Volume 482: debated on Tuesday 4 November 2008

To ask the Secretary of State for Children, Schools and Families what assessment his Department has made of the (a) short and (b) potential longer-term effect on children's reading of the Every Child a Reader pilot projects. (233214)

The latest evaluation commissioned by the Institute of Education show Every Child a Reader to have a very positive effect on raising the attainment levels of children struggling to read at KS1. In schools funded through the programme, children receiving reading recovery lessons made on average a gain of 21 months in reading age in four to five months of teaching—well over four times the normal rate of progress. Children receiving reading recovery are routinely followed up after they have finished their programmes, to make sure that their progress is maintained. After six months children taught through Every Child a Reader had developed a normal rate of learning.

In 2008 Burroughs-Lange published a reading recovery follow up study comparing the literacy progress of young children in London schools. This study followed up the impact on children's literacy in London schools a year or more after intervention had been received. In the 2005-06 school year literacy progress was compared of the lowest achieving children in 42 schools serving disadvantaged urban areas who received reading recovery compared with those in schools which provided a range of other interventions. At the end of the 2005/06 main study—the literacy achievement of children who had received reading recovery (RR) was in line with their chronological age. The comparison group was 14 months behind with an average reading age of five years five months.

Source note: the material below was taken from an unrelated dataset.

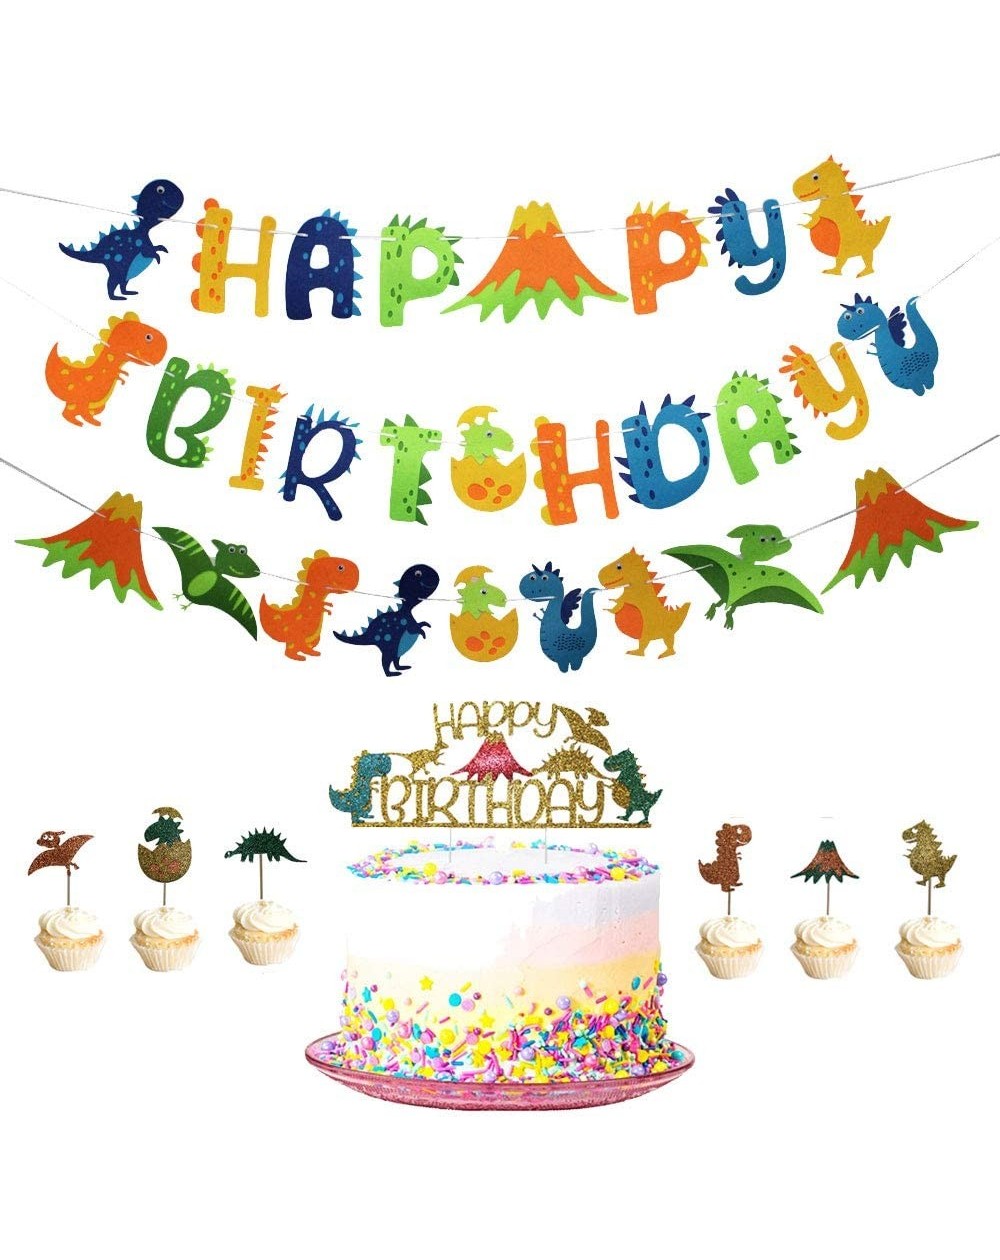 Banners & Garlands Dinosaur Birthday Party Decorations Kit-Dinosaurs Happy Birthday Banner-Glittery Dinosaur Cake Topper and ...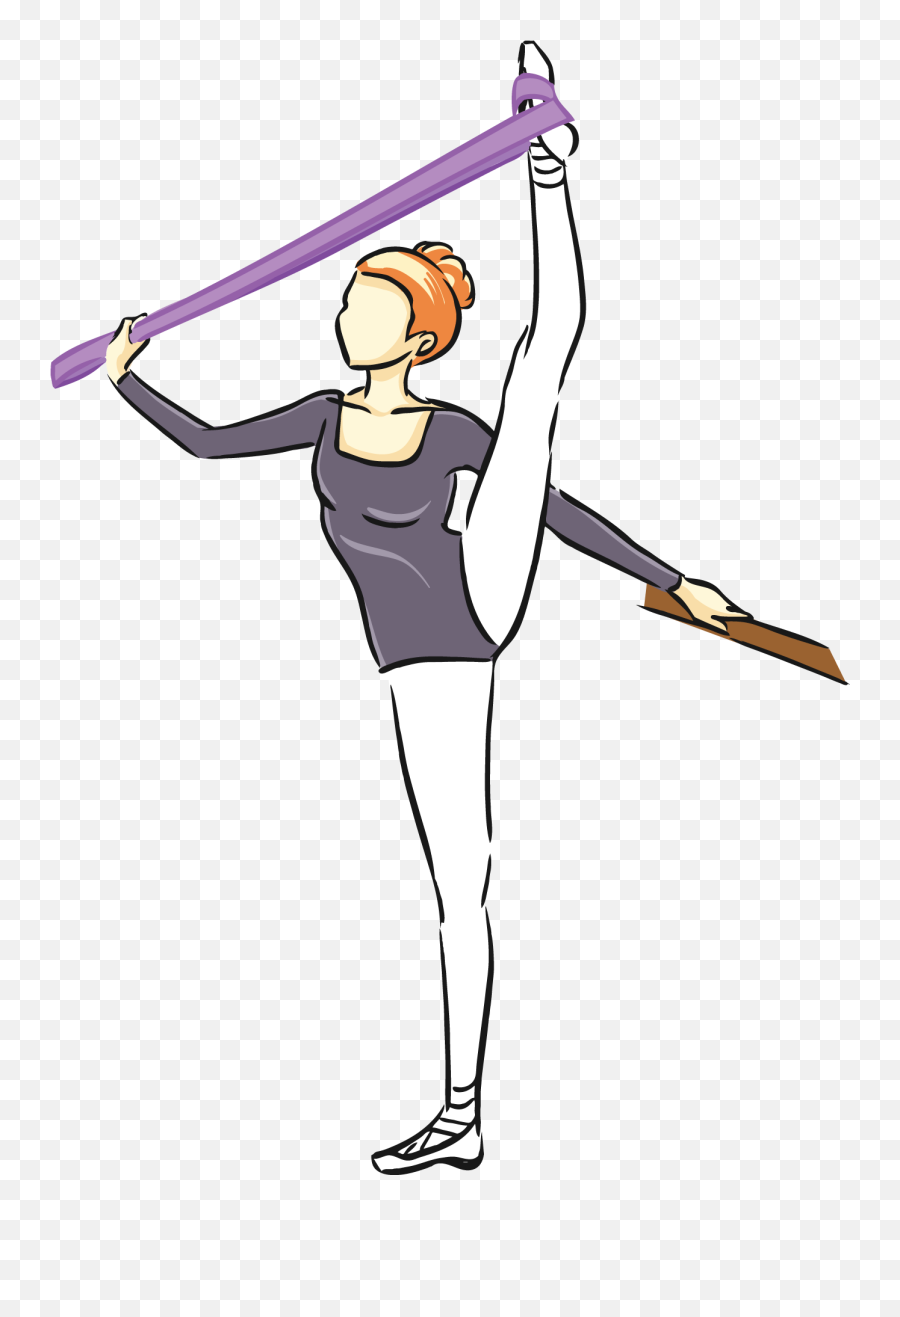 Cheer Drawing Heel Stretch - Stretching Clipart Full Size Stretches To Do With A Plum Band Emoji,Cheer Megaphones Clipart

In July 2007 the literacy achievement was again compared of those same children remaining in the same 42 schools. At the end of year two the children who had received RR in year one were achieving within or above their chronological age band on all measures and were still around a year ahead of the comparison children in schools where RR was not available. The RR children had an average word reading age of seven years nine months, compared to six years nine months for the comparison children. The gender gap that was noticeable among low attaining comparison children, with boys lagging behind girls, was not evident in RR schools, where there was no gender gap. Writing achievement showed a significant difference between RR and comparison children. At the end of year two, the children who had received RR were able to write twice as many correctly spelled, words as those children who were in the comparison group.